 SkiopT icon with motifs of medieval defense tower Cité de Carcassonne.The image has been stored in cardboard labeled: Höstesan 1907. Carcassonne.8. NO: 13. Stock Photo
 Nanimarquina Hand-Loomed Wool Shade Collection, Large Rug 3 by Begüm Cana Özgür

---

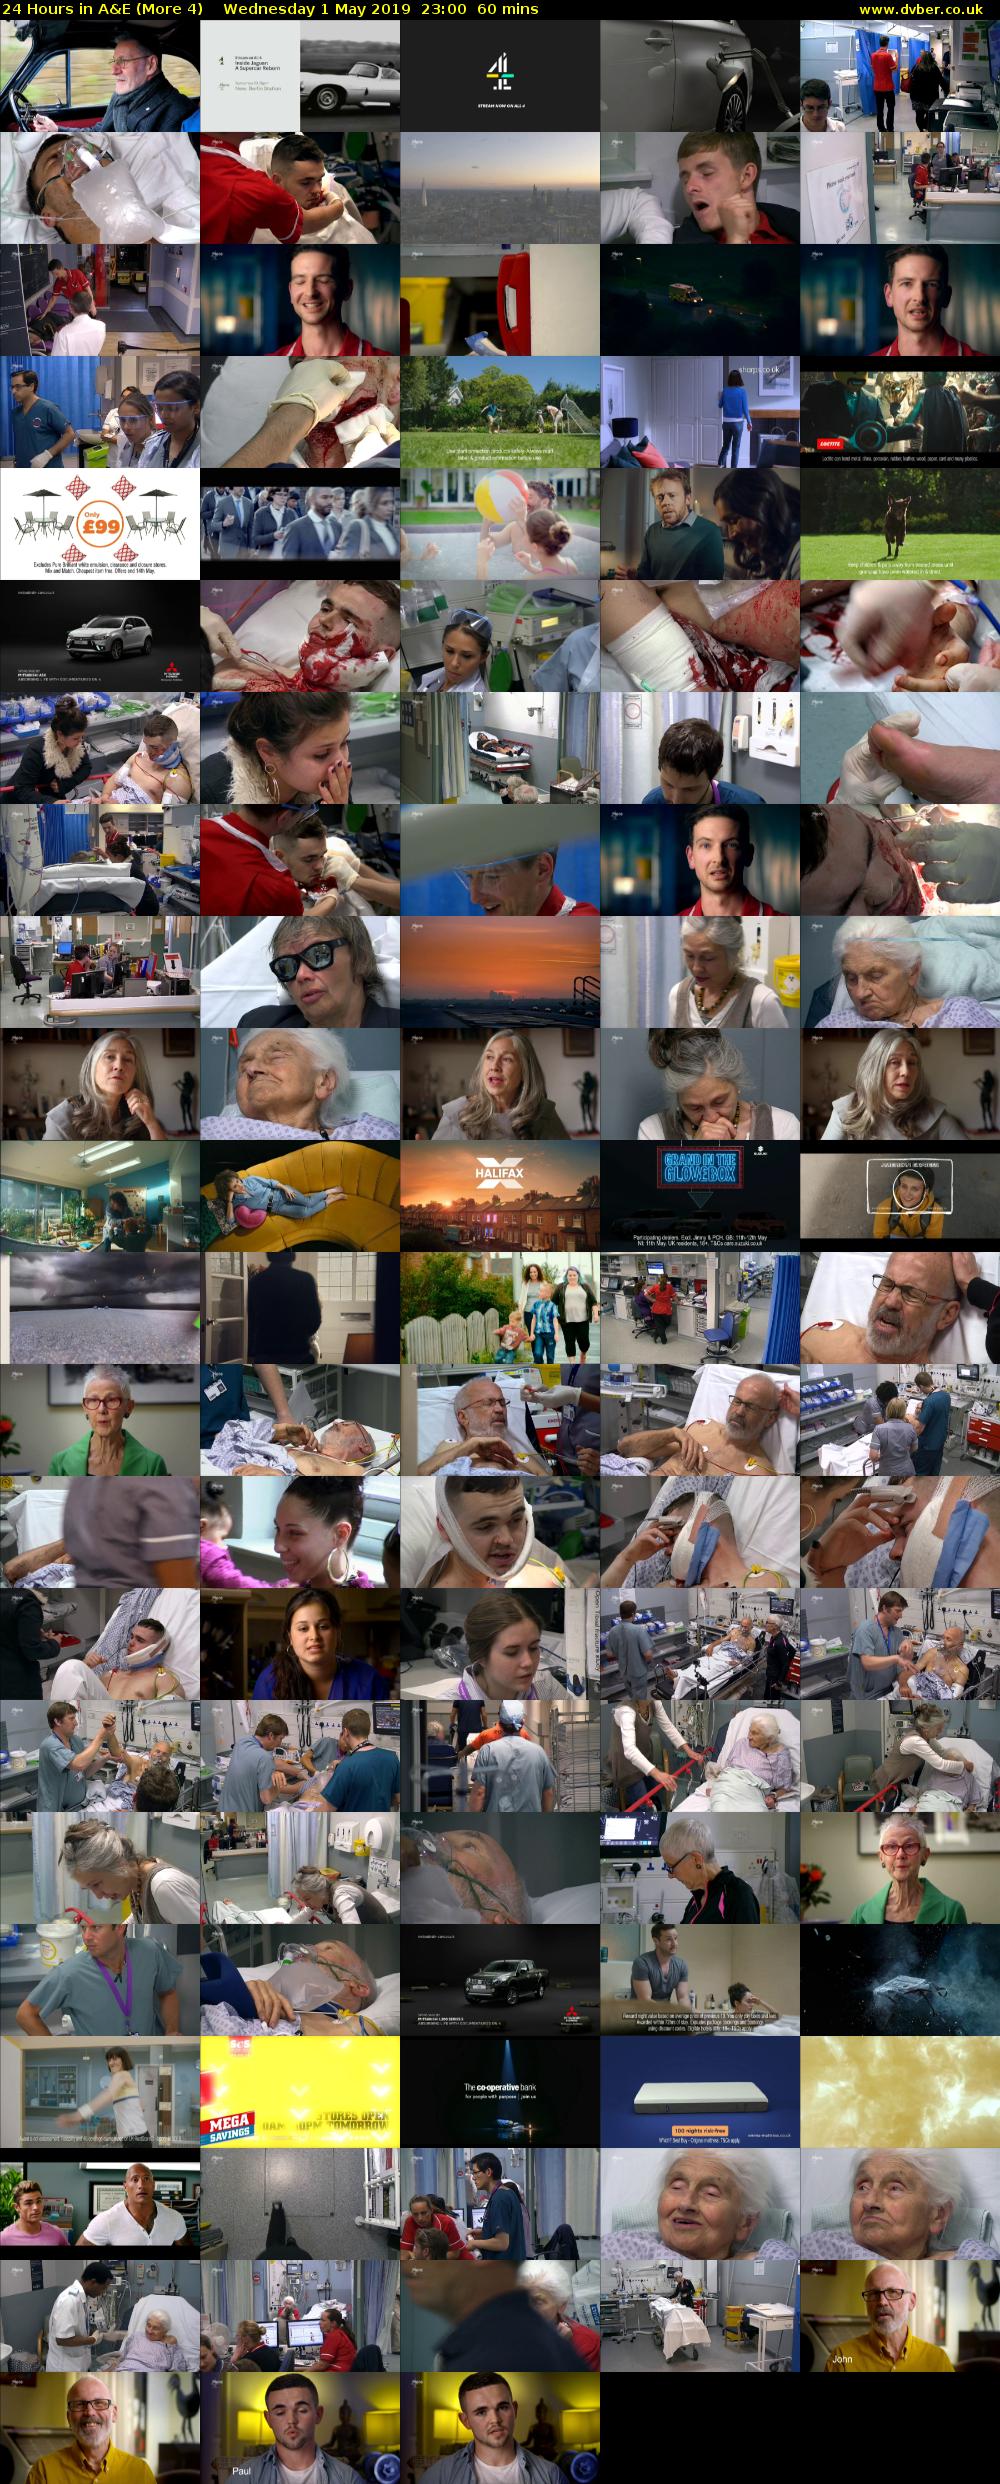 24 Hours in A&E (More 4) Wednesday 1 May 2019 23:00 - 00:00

▶ _Directions for this task_:
Of all the entries above, repeat only the lines from the line that has "SkiopT icon with" to the line that has "Nanimarquina Hand-Loomed Wool", both lines included, exactly.

▶ _Written response_:
 SkiopT icon with motifs of medieval defense tower Cité de Carcassonne.The image has been stored in cardboard labeled: Höstesan 1907. Carcassonne.8. NO: 13. Stock Photo
 Nanimarquina Hand-Loomed Wool Shade Collection, Large Rug 3 by Begüm Cana Özgür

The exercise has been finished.